# Used trailer



## franknbeans (Jun 7, 2007)

I am going to guess at about $2K. Did you google it at all? Mine is similar, 1996, Valley(also steel), X-wide, X-tall with built in storage and bench…..$3K is going to be my asking. And firm. Mine also has sway bars and braking system….does the one you are looking at have those? You will likely want them.I was offered $4k for it a year ago by a dealer. Not sure where you are in Ontario……but I am near Rochester, just fyi.


----------



## PrivatePilot (Dec 7, 2009)

Seeing as though you live in the Rust Belt like me, pay exceedingly close attention to the structure of the trailer while you are shopping – there a LOT of older trailers Up here that are rotten underneath despite not looking too bad from the wheels up, and trust me when I say that a "deal" on a trailer that ends up costing you several thousand dollars more to replace structure and framing won't seem like such a great deal anymore. 
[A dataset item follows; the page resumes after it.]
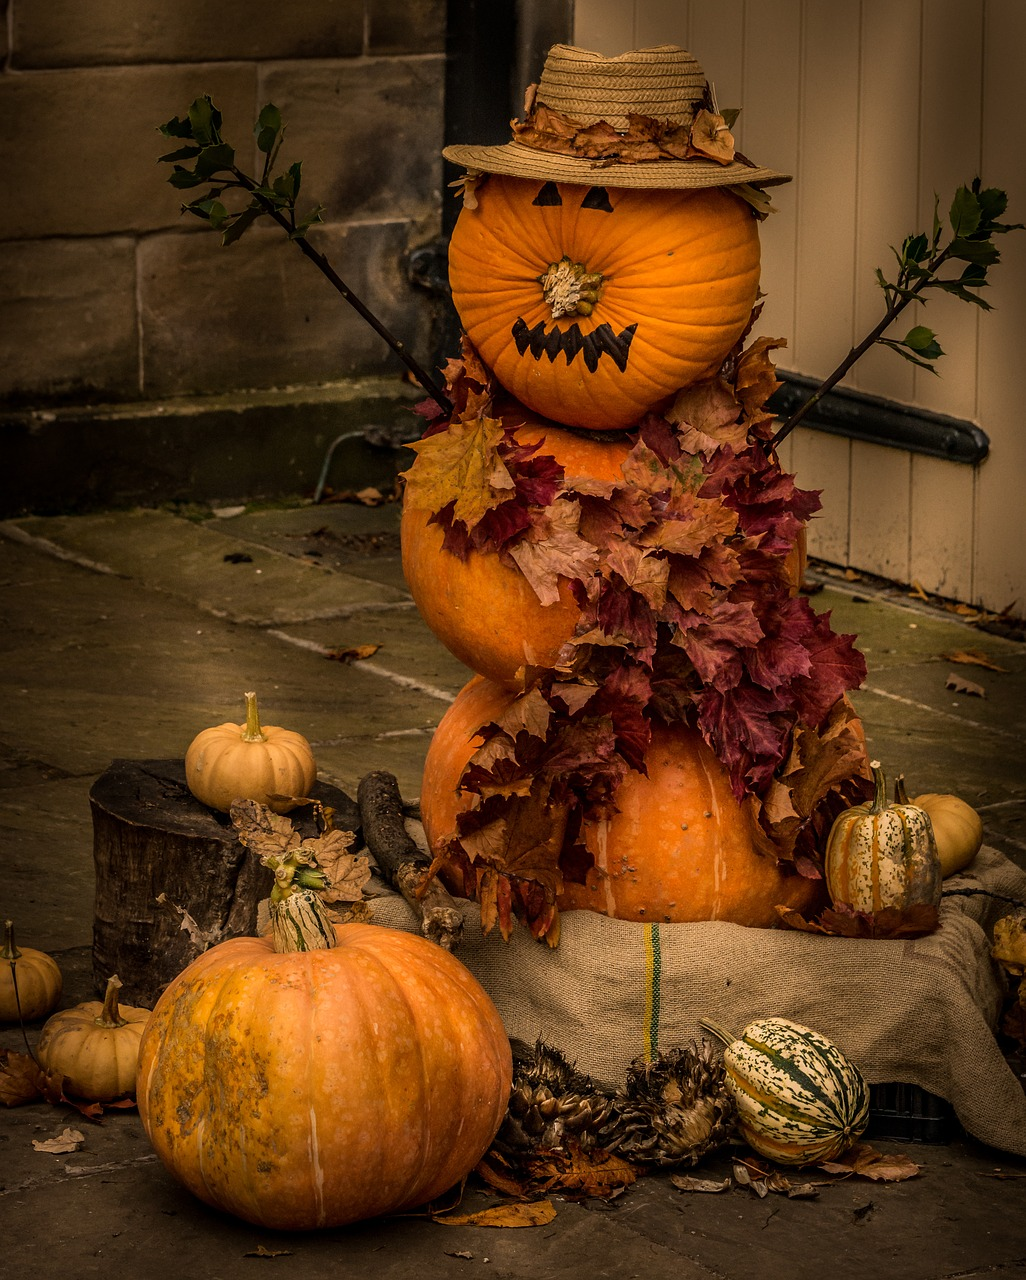 Dag Halloween.Halloween Seasonal Pumpkin Face Spooky Free Photo From
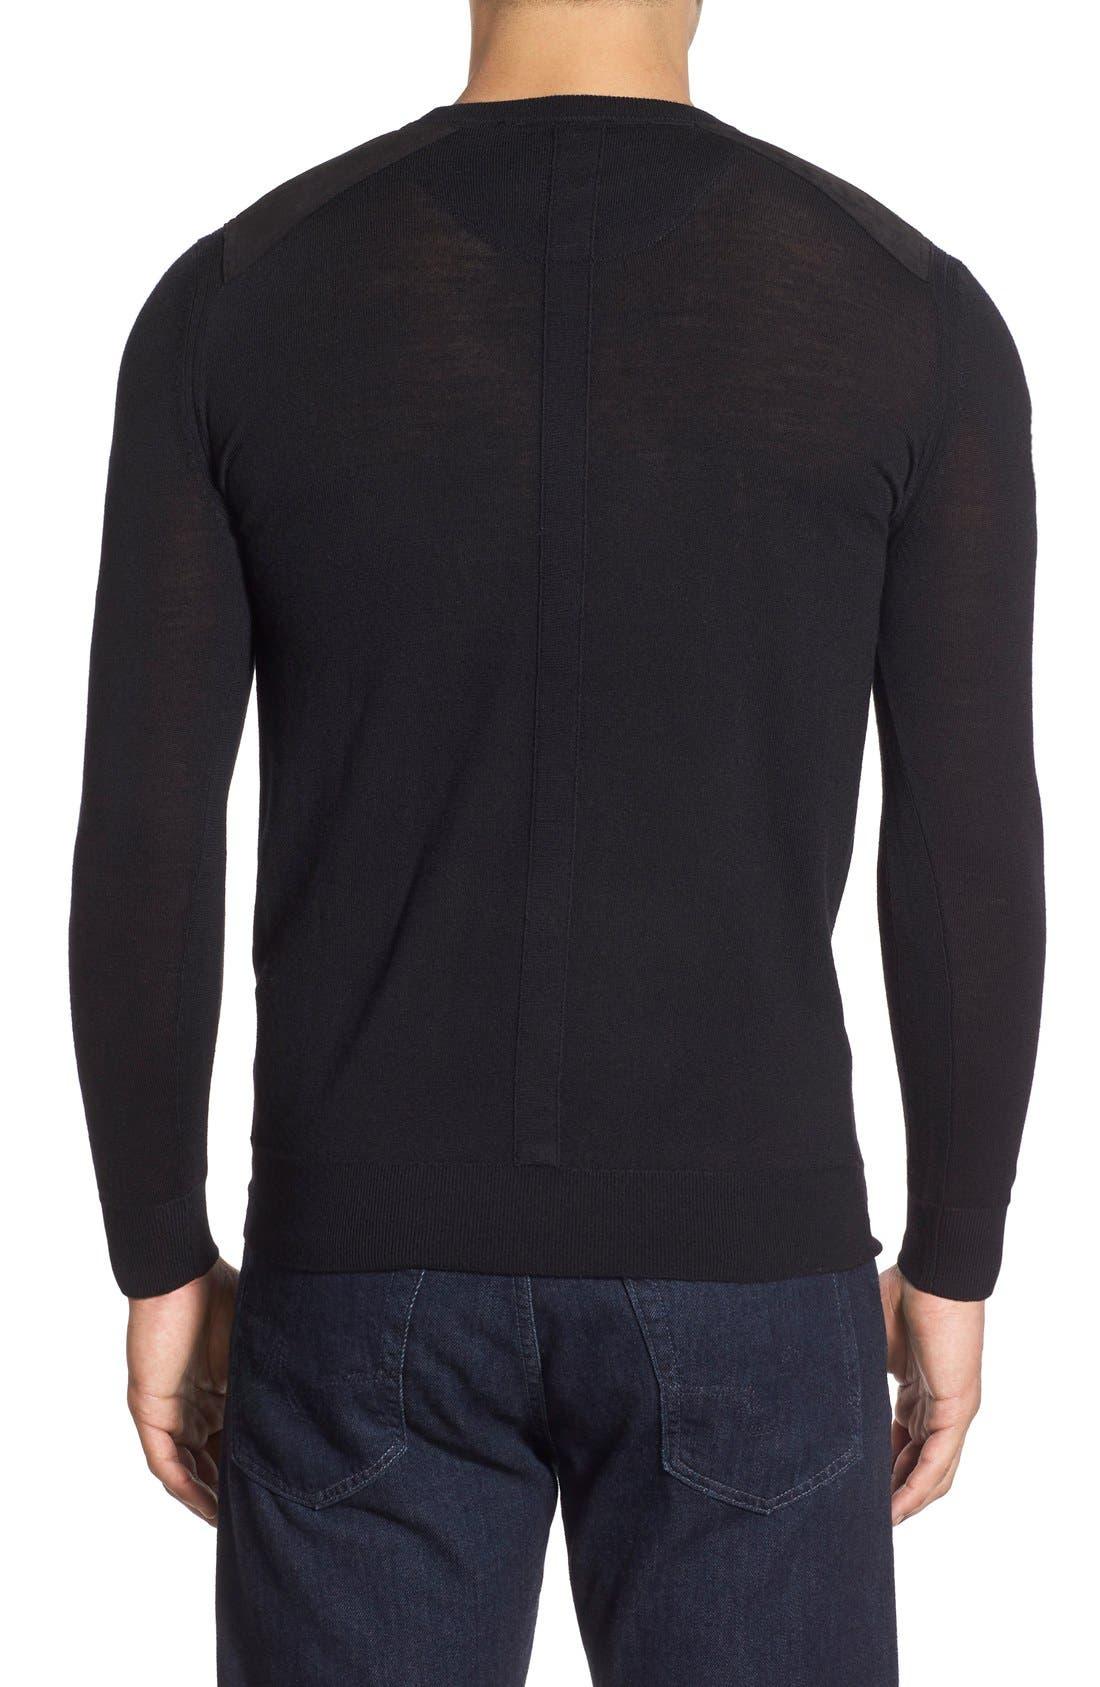 Regular Fit Crewneck Sweater,                             Alternate thumbnail 6, color,                             001

I spent a year looking and probably checked out in excess of 20 or 30 trailers before I found the early 90's four horse gooseneck that I settled on. Even then I replaced a few crossmembers while working on the floor simply for preventative purposes as they were going to be rotten within a few years. I would say in excess of half the trailers I looked at in that period were significantly or completely rotten underneath to the point where they wouldn't pass a safety, much less be safe for horses. 

Tread carefully with vintage trailers up here. 
_Posted via Mobile Device_


----------



## Woodhaven (Jan 21, 2014)

Thanks for your responses. It turned out that the trailer sold before we got there to see it, so I will continue to look.
Private Pilot, thanks for the info, I will keep it in mind as I search.
Frankandbeans, your trailer sounds nice but I think I will try to find something close to home. I don't think you will have any trouble selling your trailer as it sounds good.


----------